DIRECTIONS: Would you repeat each line below exactly, without the pictures?

RECORDED INFORMATION:
·····
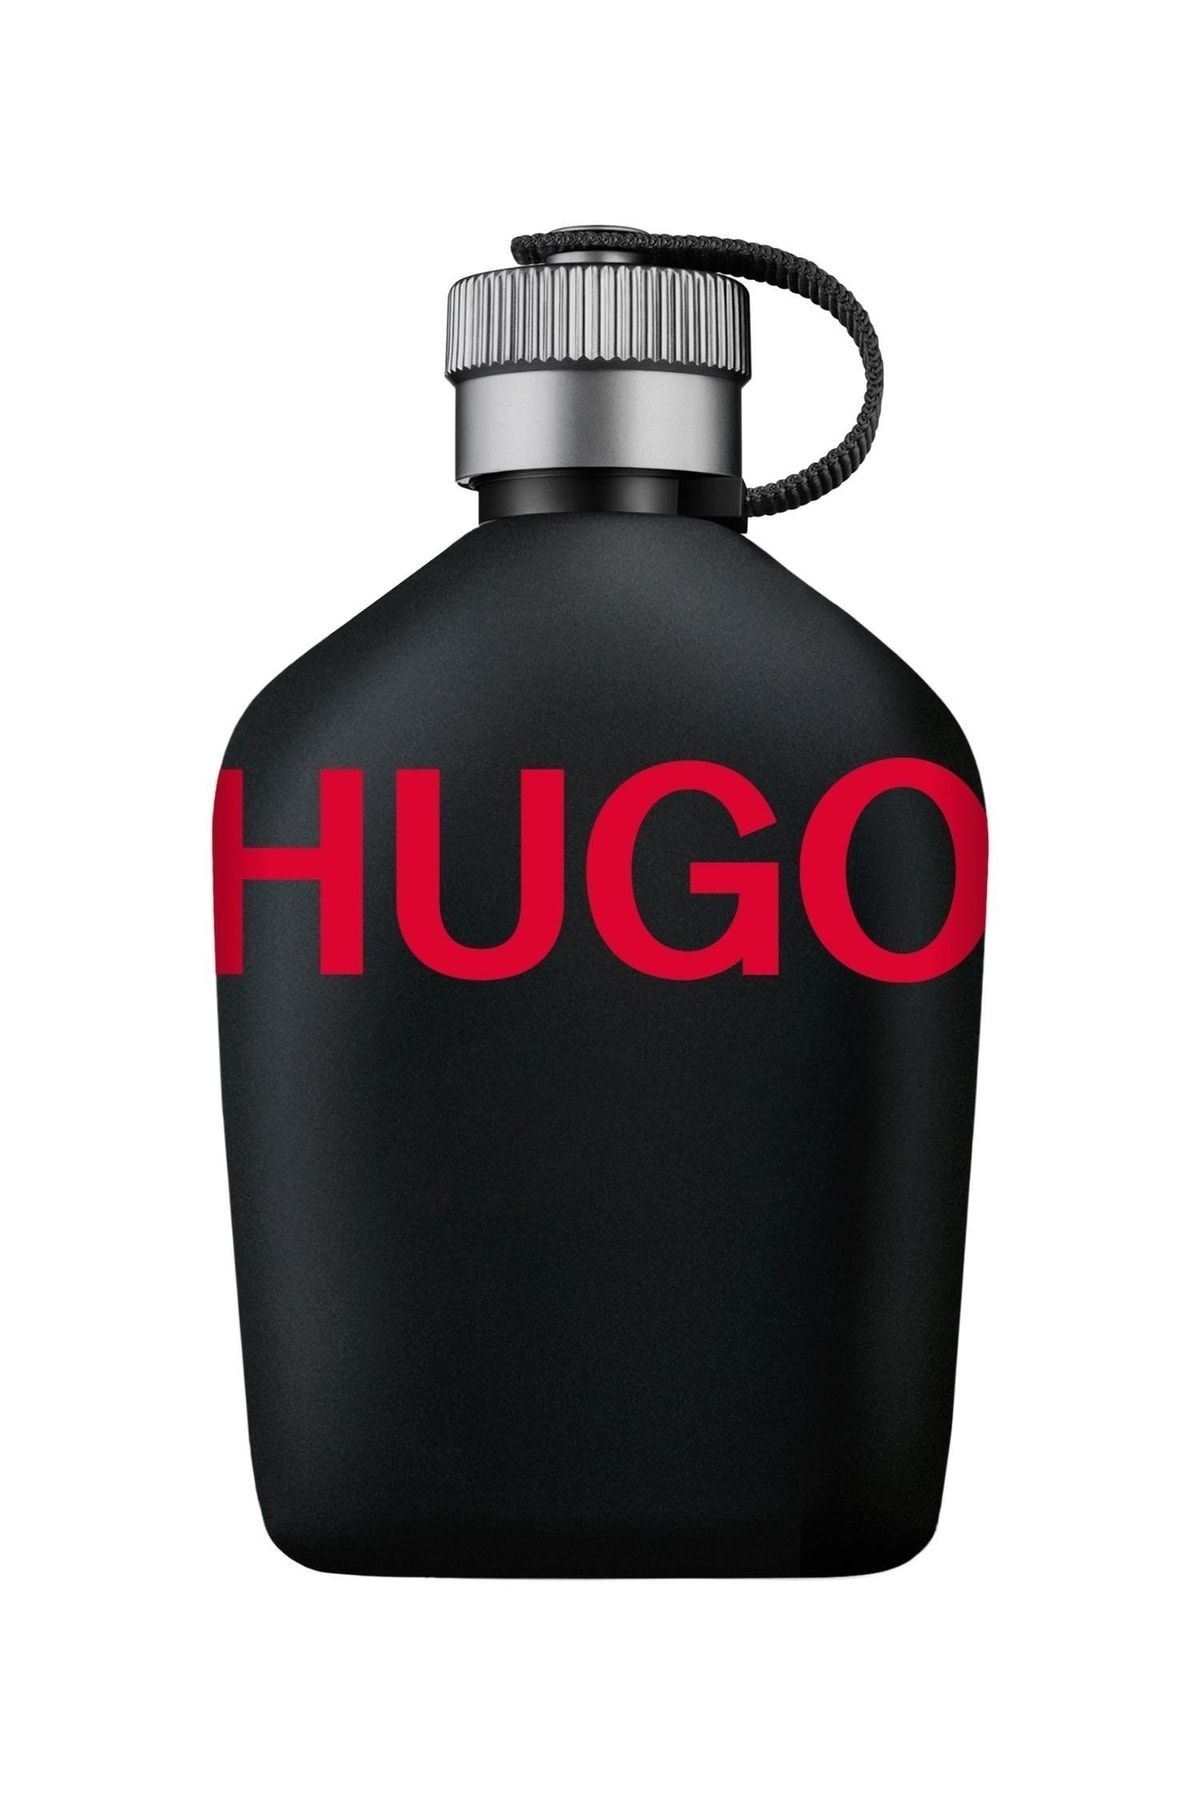 Hugo Boss just different 40 ml. Духи Hugo Boss just different. Hugo Boss "Hugo Red" EDT, 100ml. Hugo Boss / туалетная вода just different, 75 мл. Ml hugo
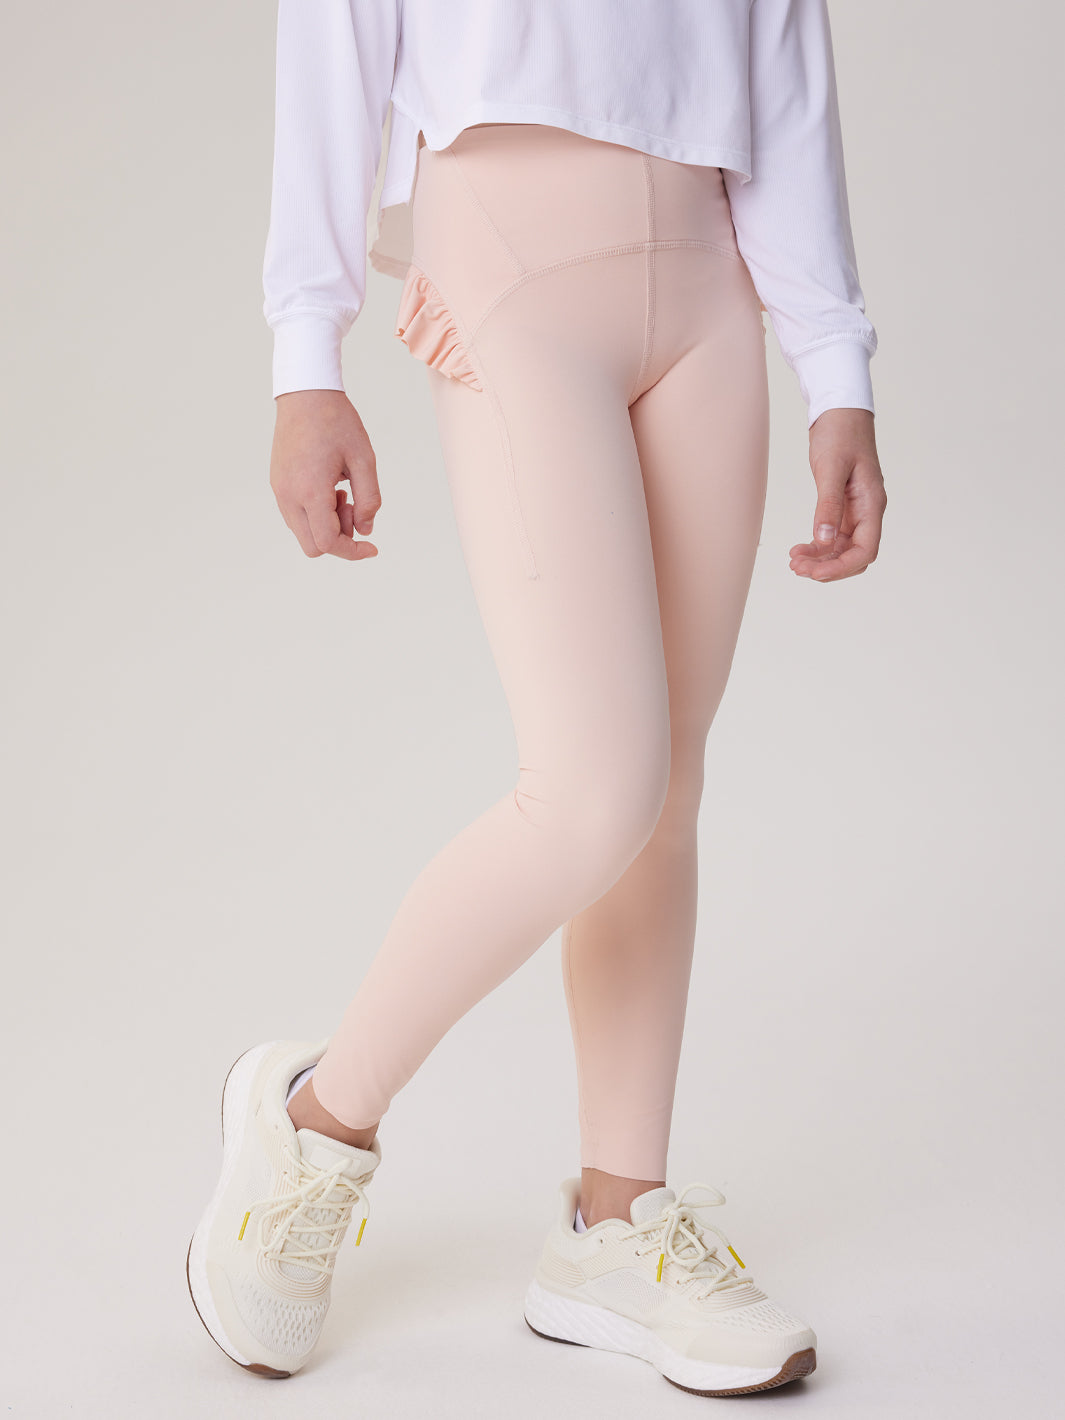 Kiench Girls' Winter Warm Leggings with Skirt Ruffle Flare Cotton
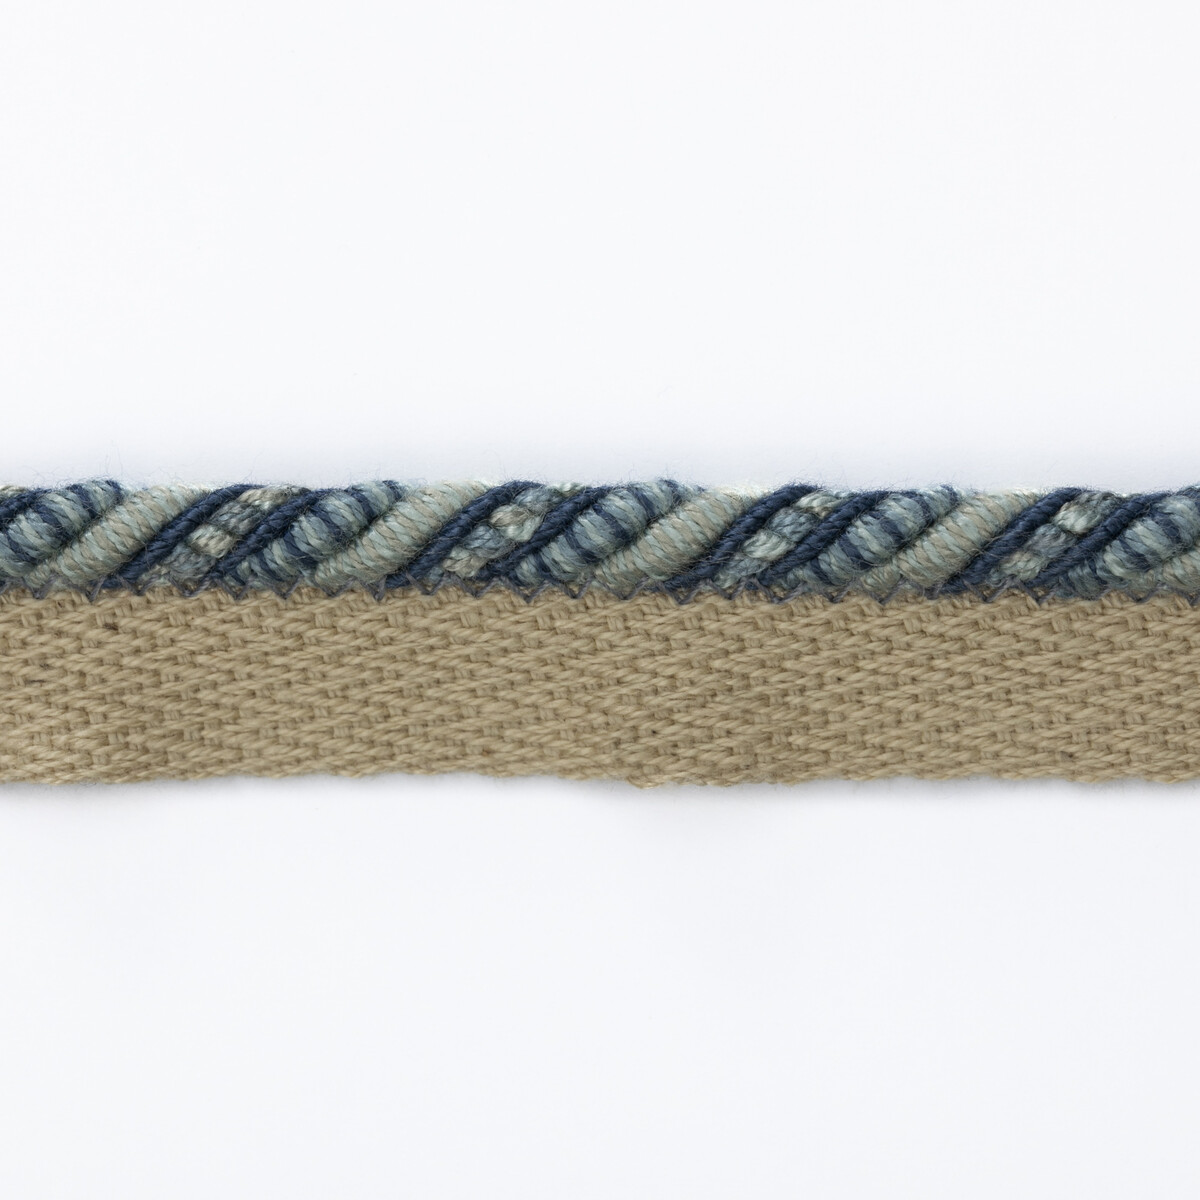 G P & J Baker T6032.635.0 Perandor Small Cord (flange) Trim Fabric in Blue
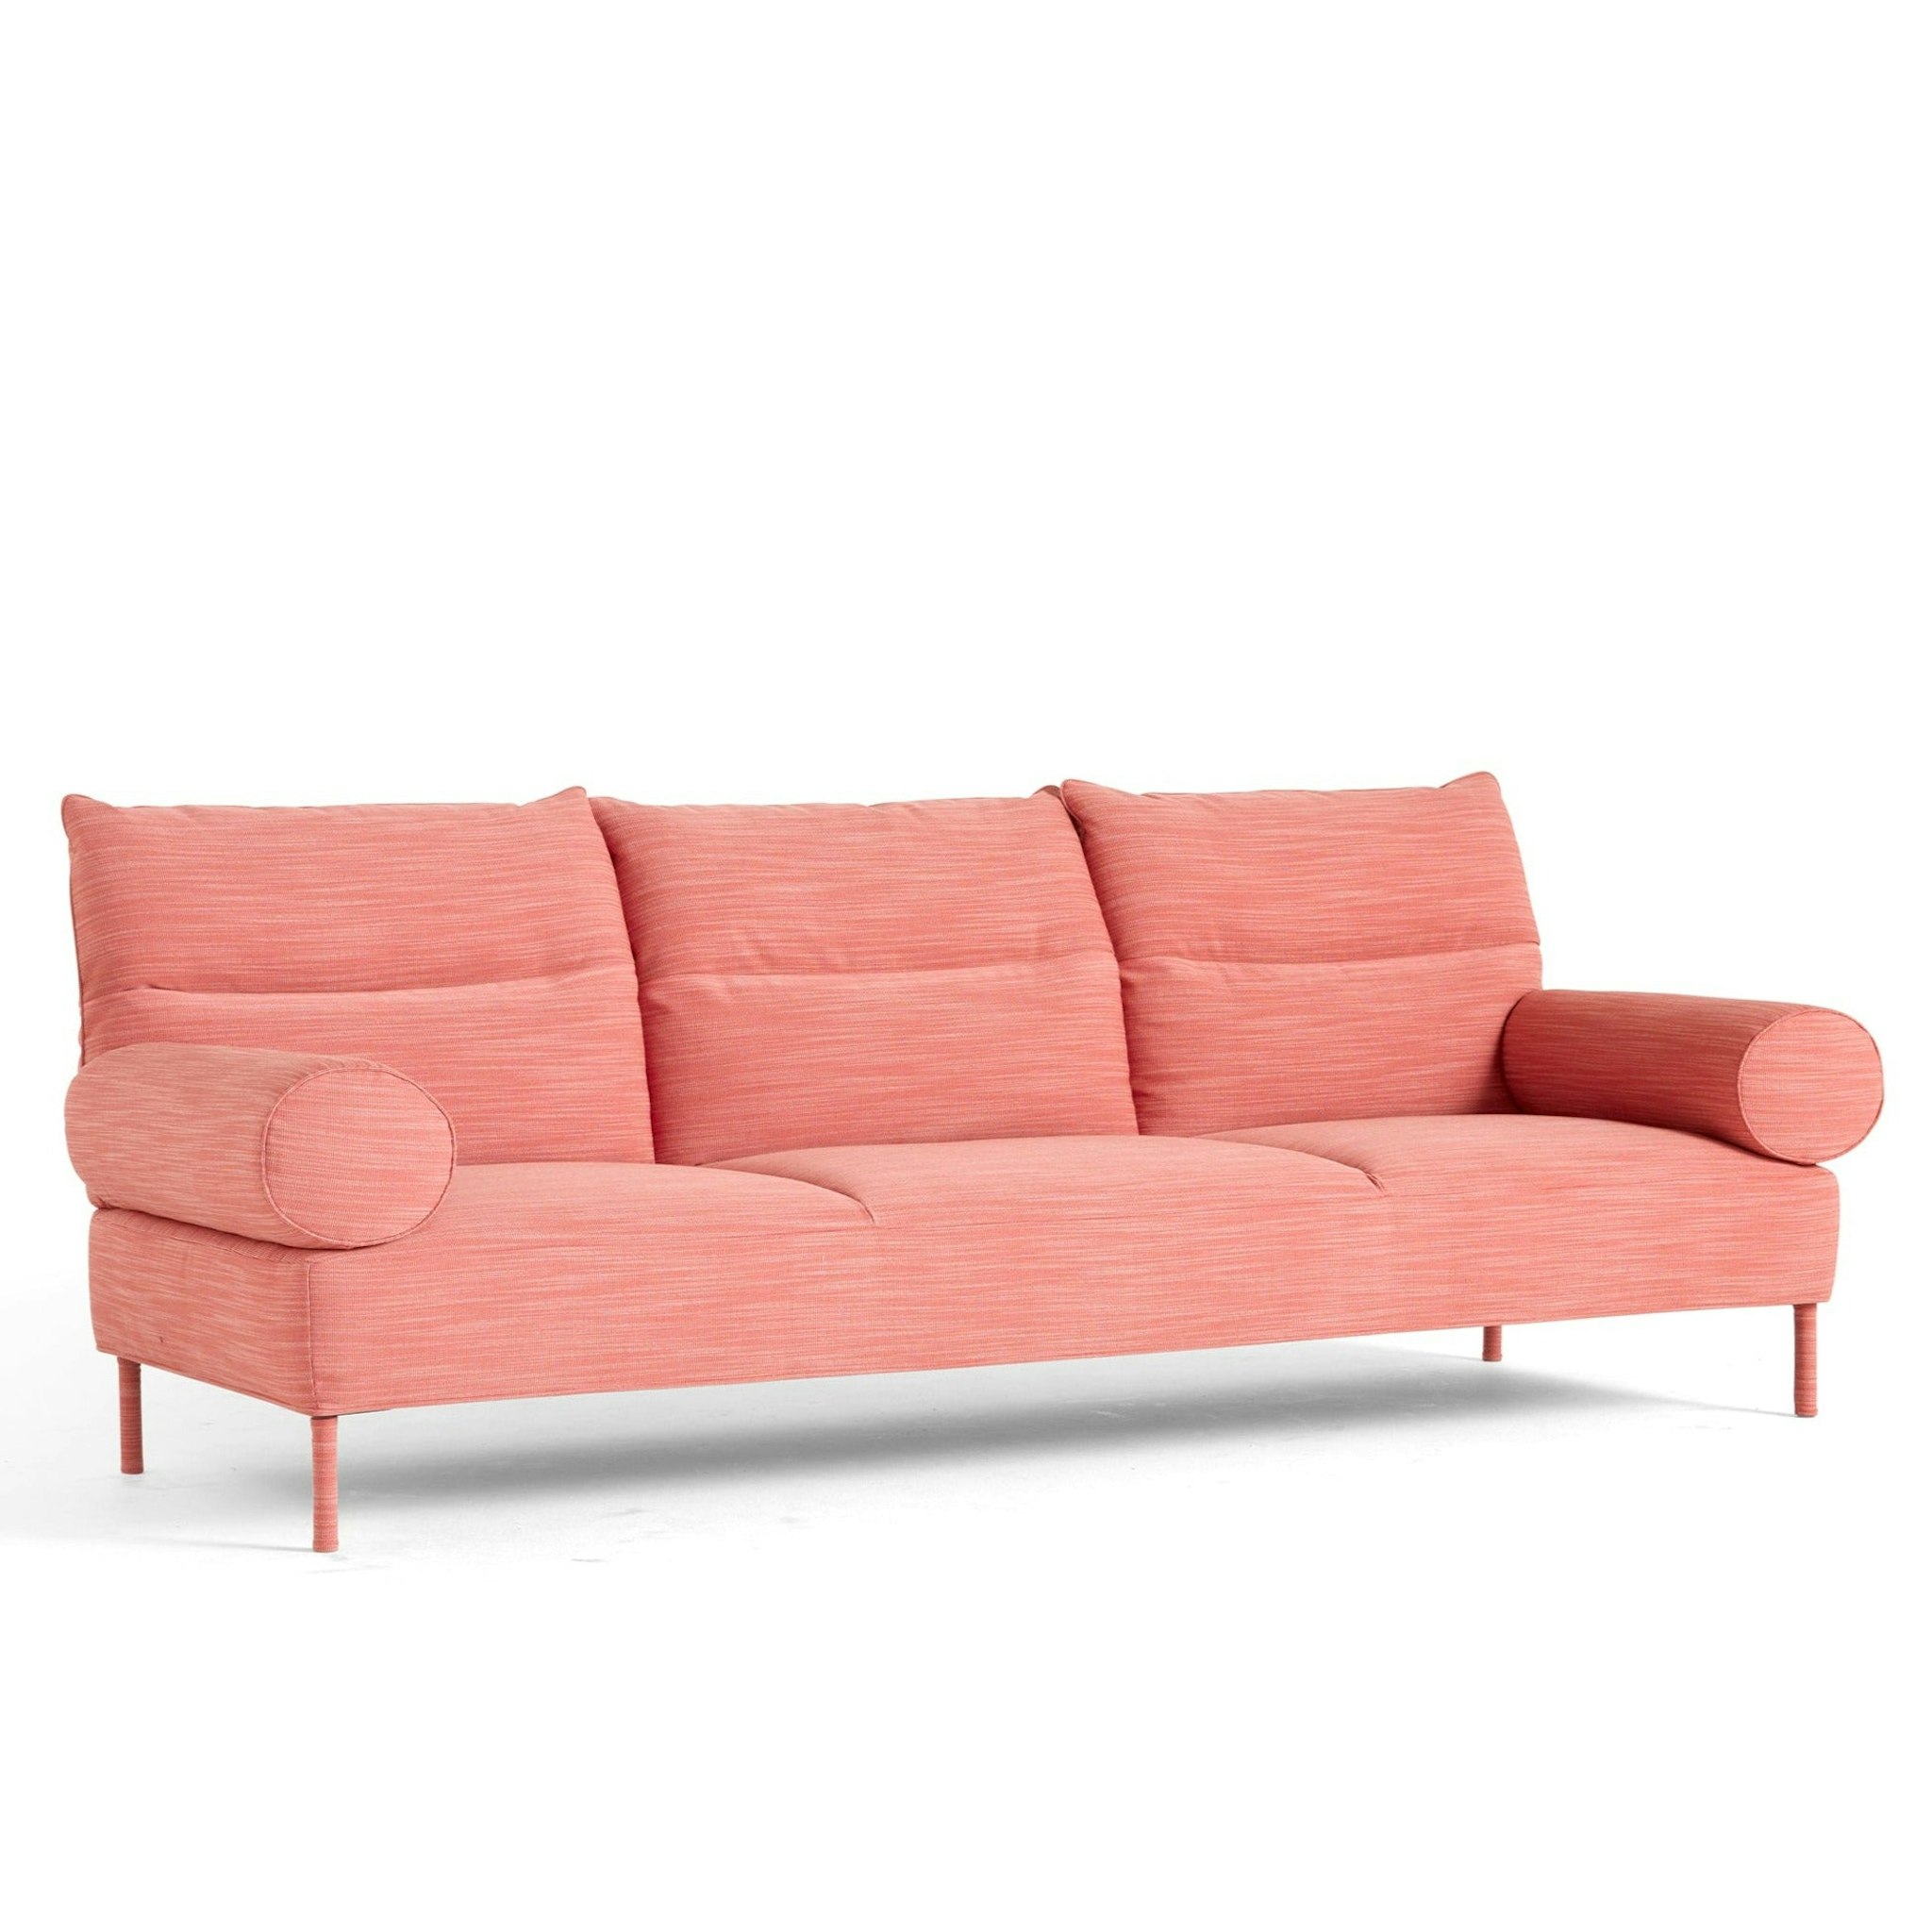 Pandarine Sofa by Inga Sempé for Hay
·····
FINISHED TASK:
 Hugo Boss just different 40 ml. Духи Hugo Boss just different. Hugo Boss "Hugo Red" EDT, 100ml. Hugo Boss / туалетная вода just different, 75 мл. Ml hugo
 Kiench Girls' Winter Warm Leggings with Skirt Ruffle Flare Cotton
 G P & J Baker T6032.635.0 Perandor Small Cord (flange) Trim Fabric in Blue
 Pandarine Sofa by Inga Sempé for Hay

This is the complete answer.